» Problem description
Please output the line containing "961f887db4 Grey checked" and all lines that follow it in the data below, exactly, with no pictures.

» Source data
┌──

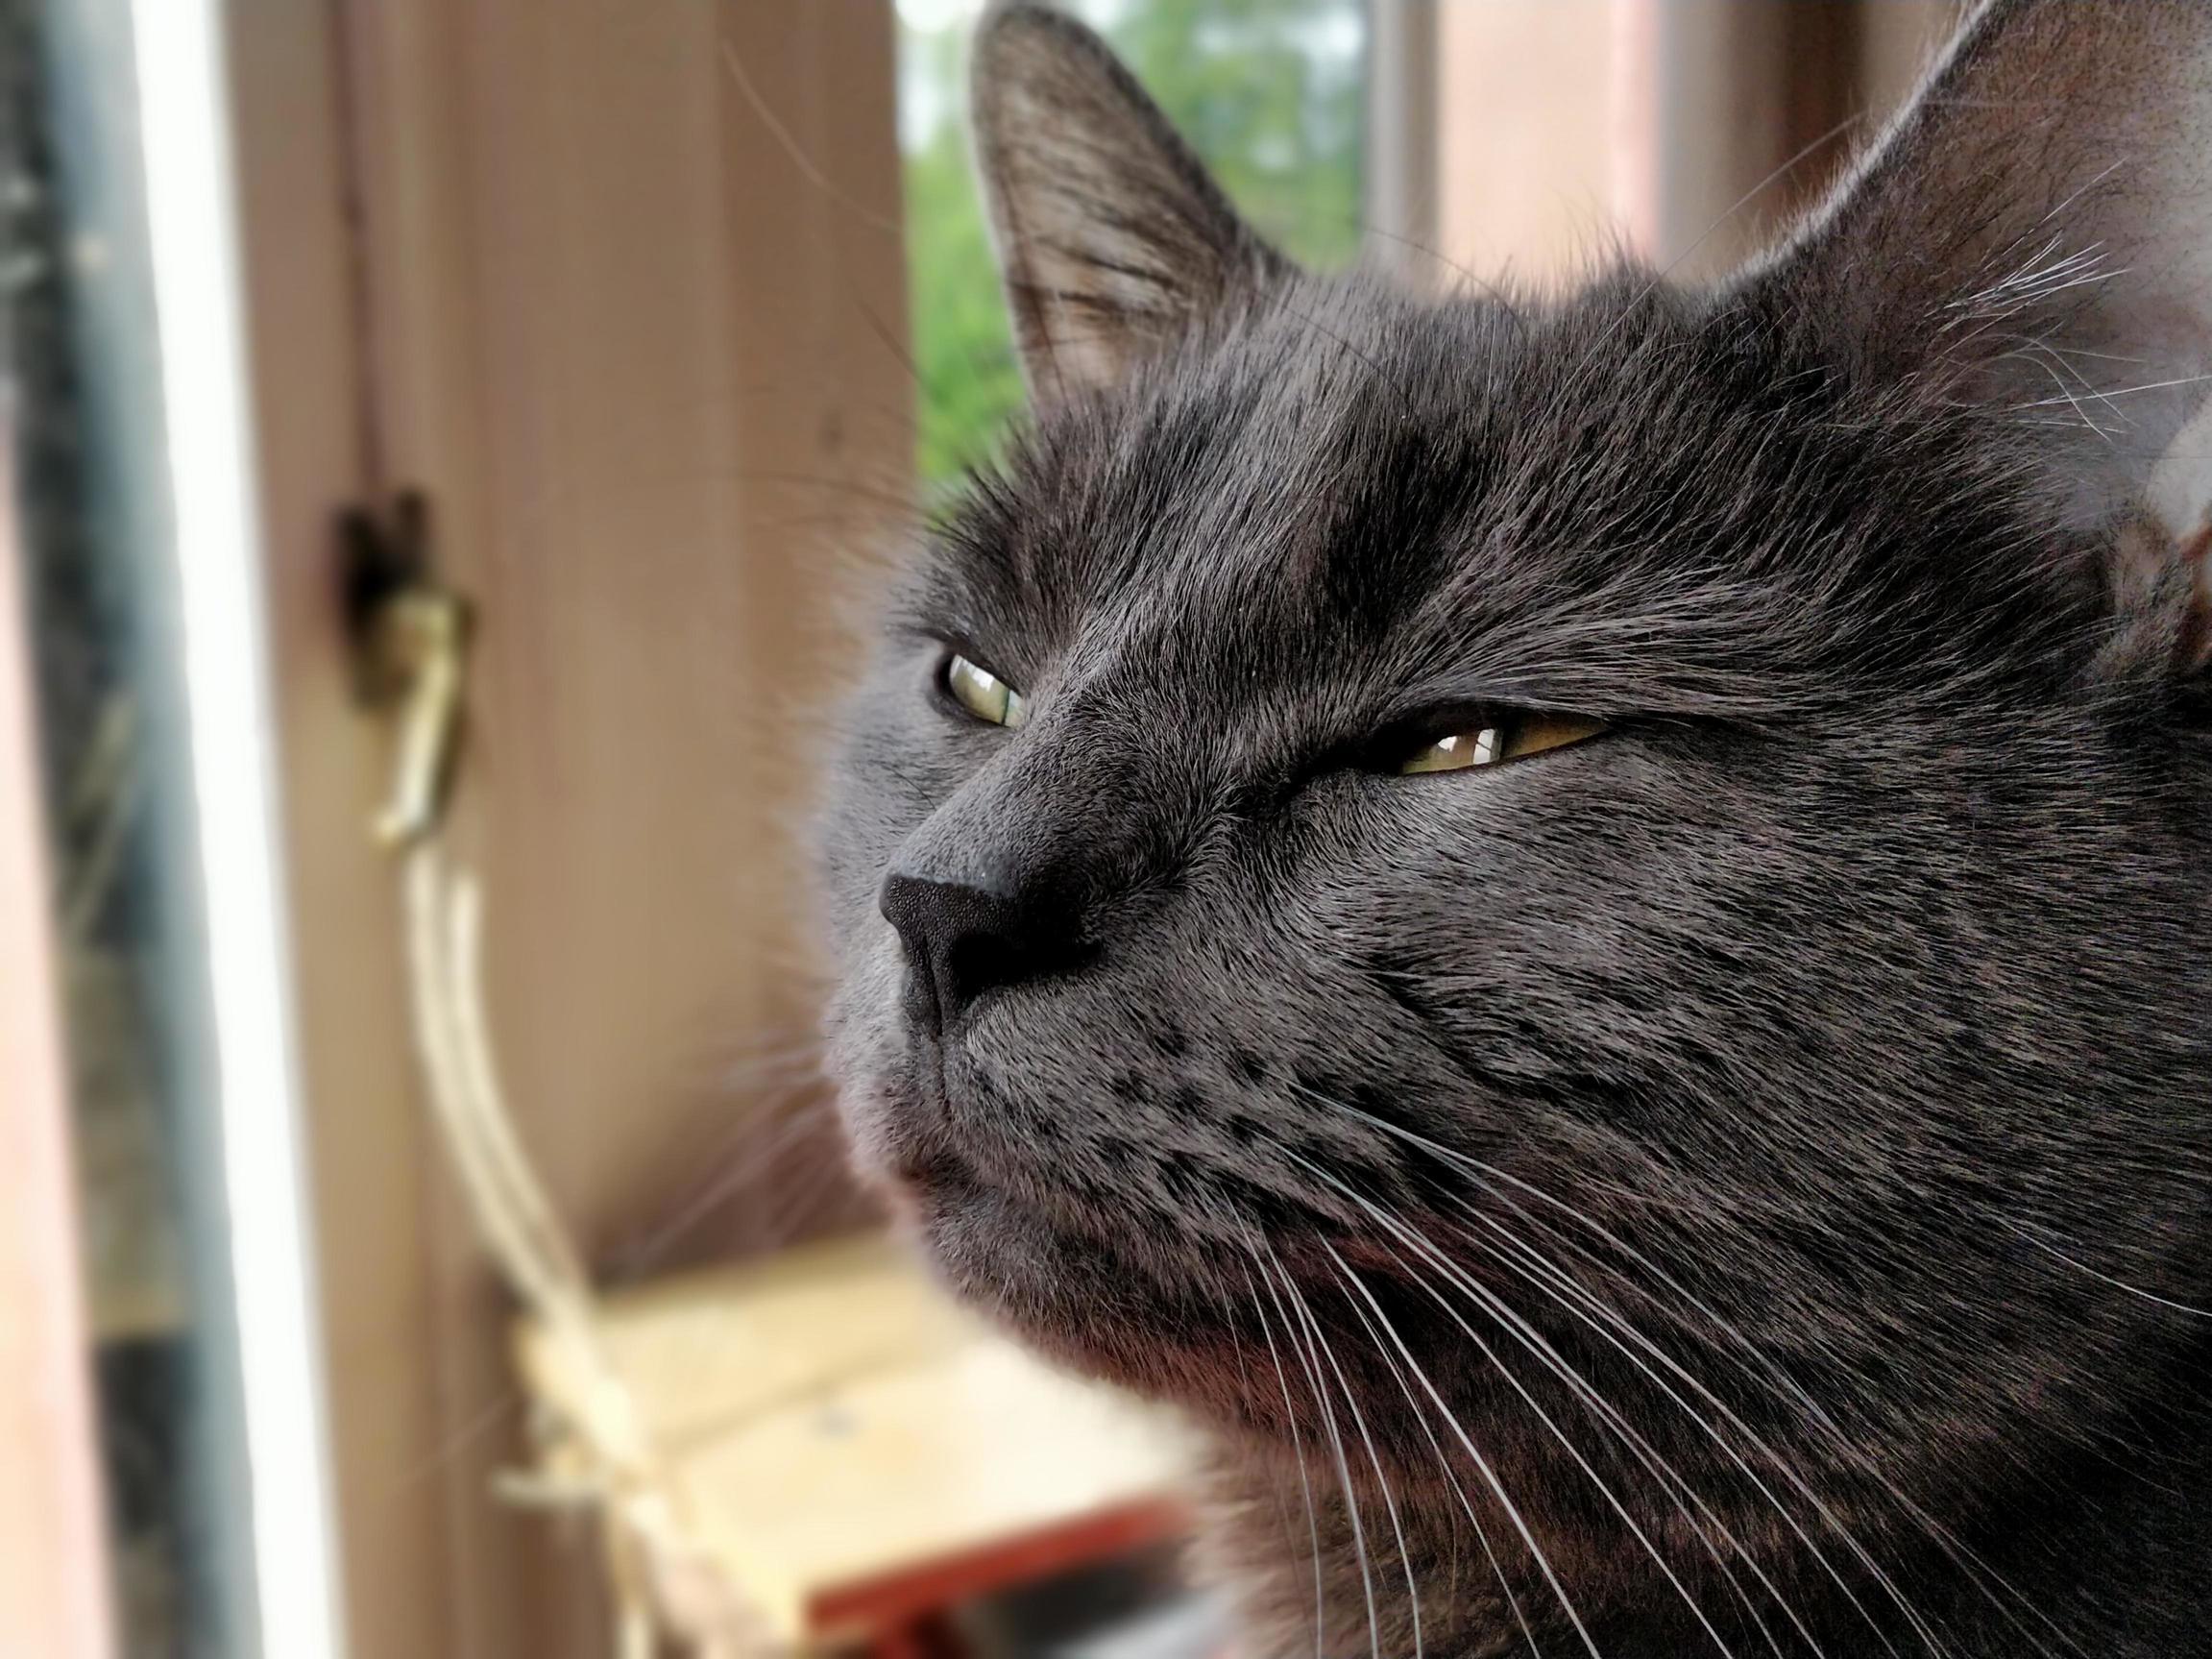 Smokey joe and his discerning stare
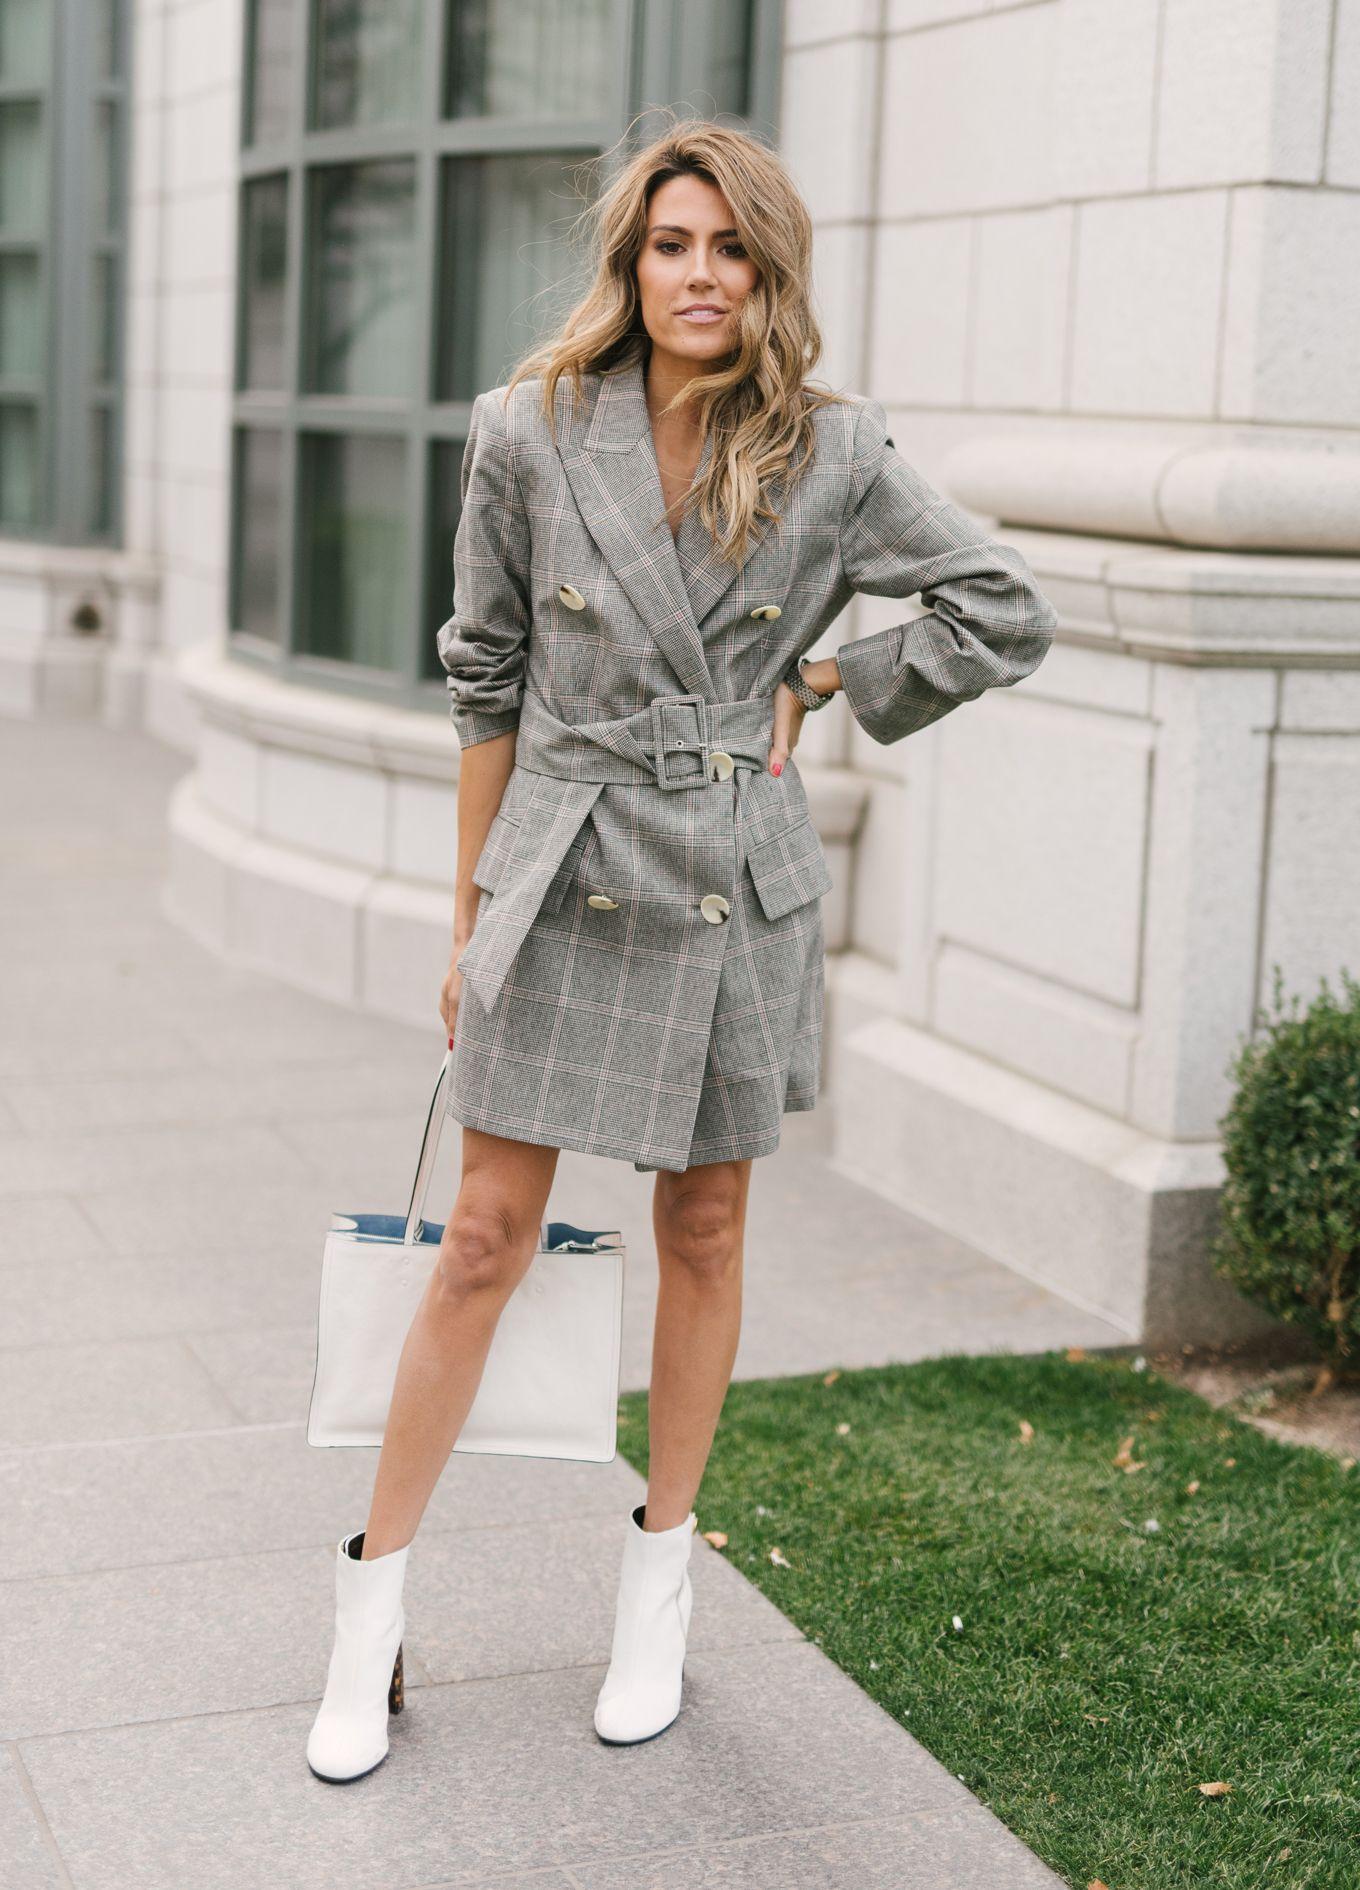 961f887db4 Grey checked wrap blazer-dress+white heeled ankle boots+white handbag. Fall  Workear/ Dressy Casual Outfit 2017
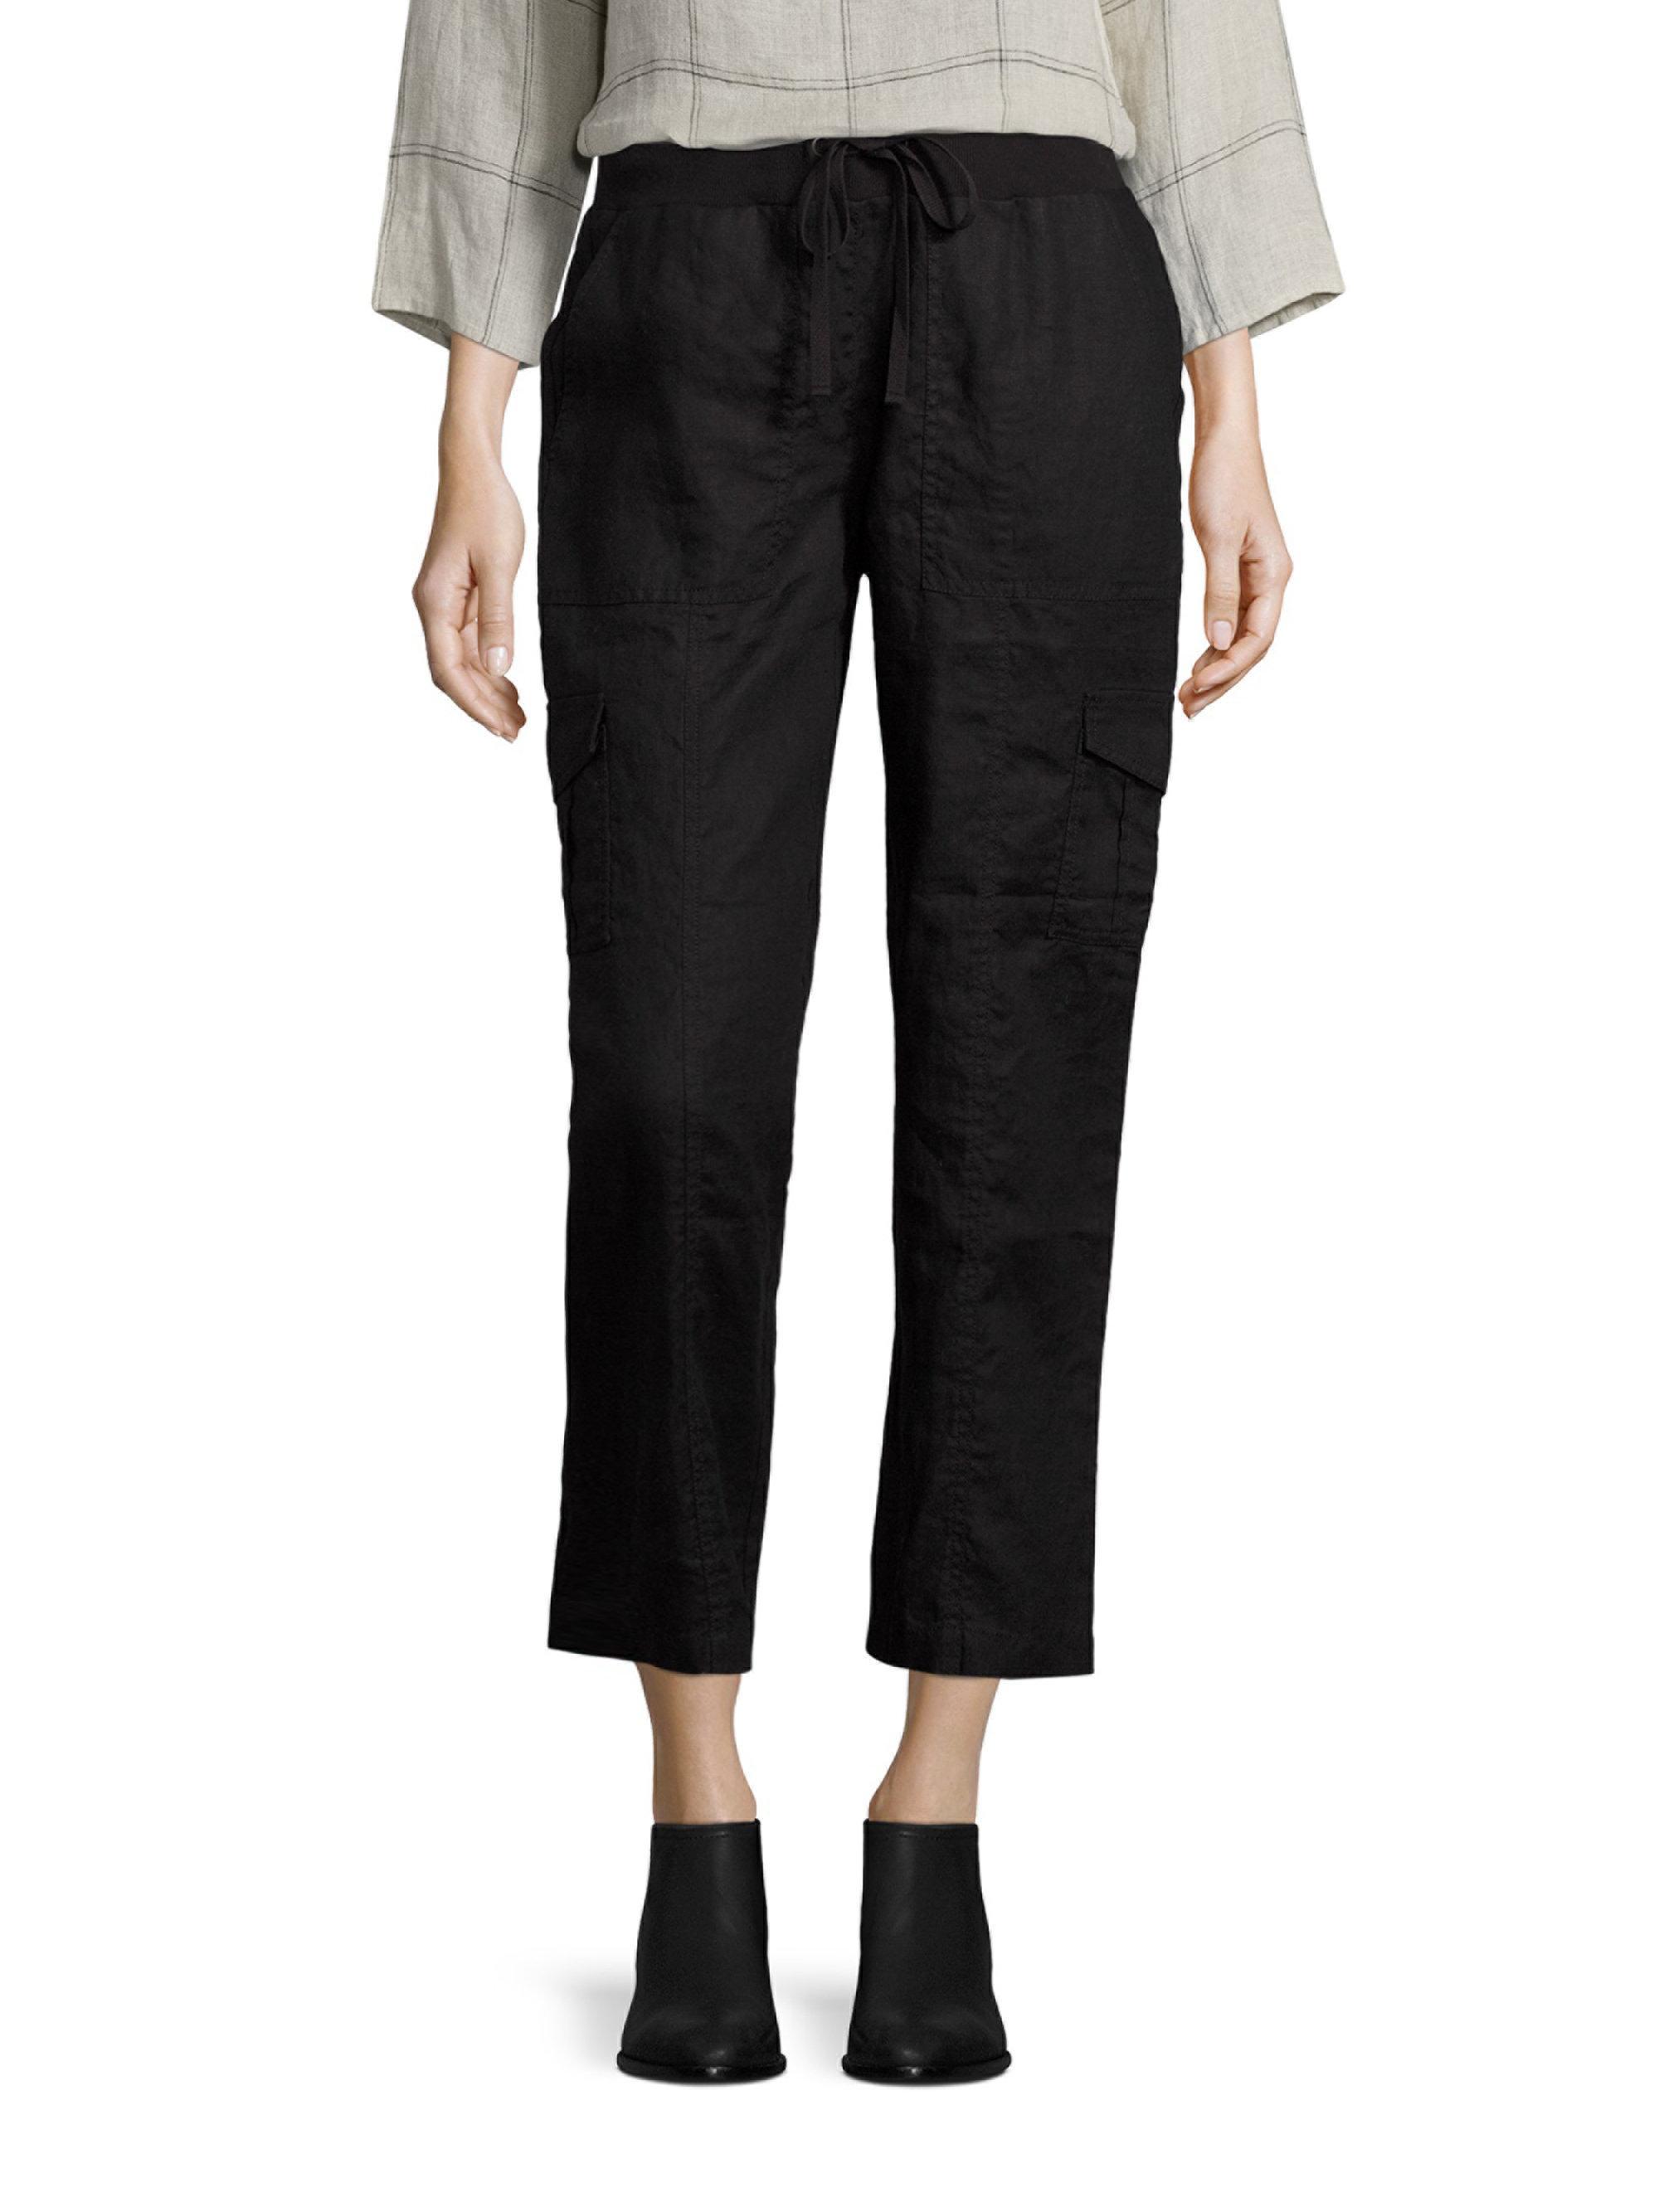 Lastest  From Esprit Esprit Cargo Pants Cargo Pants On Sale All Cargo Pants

└──

» Answer to the exercise
 961f887db4 Grey checked wrap blazer-dress+white heeled ankle boots+white handbag. Fall  Workear/ Dressy Casual Outfit 2017
 Lastest  From Esprit Esprit Cargo Pants Cargo Pants On Sale All Cargo Pants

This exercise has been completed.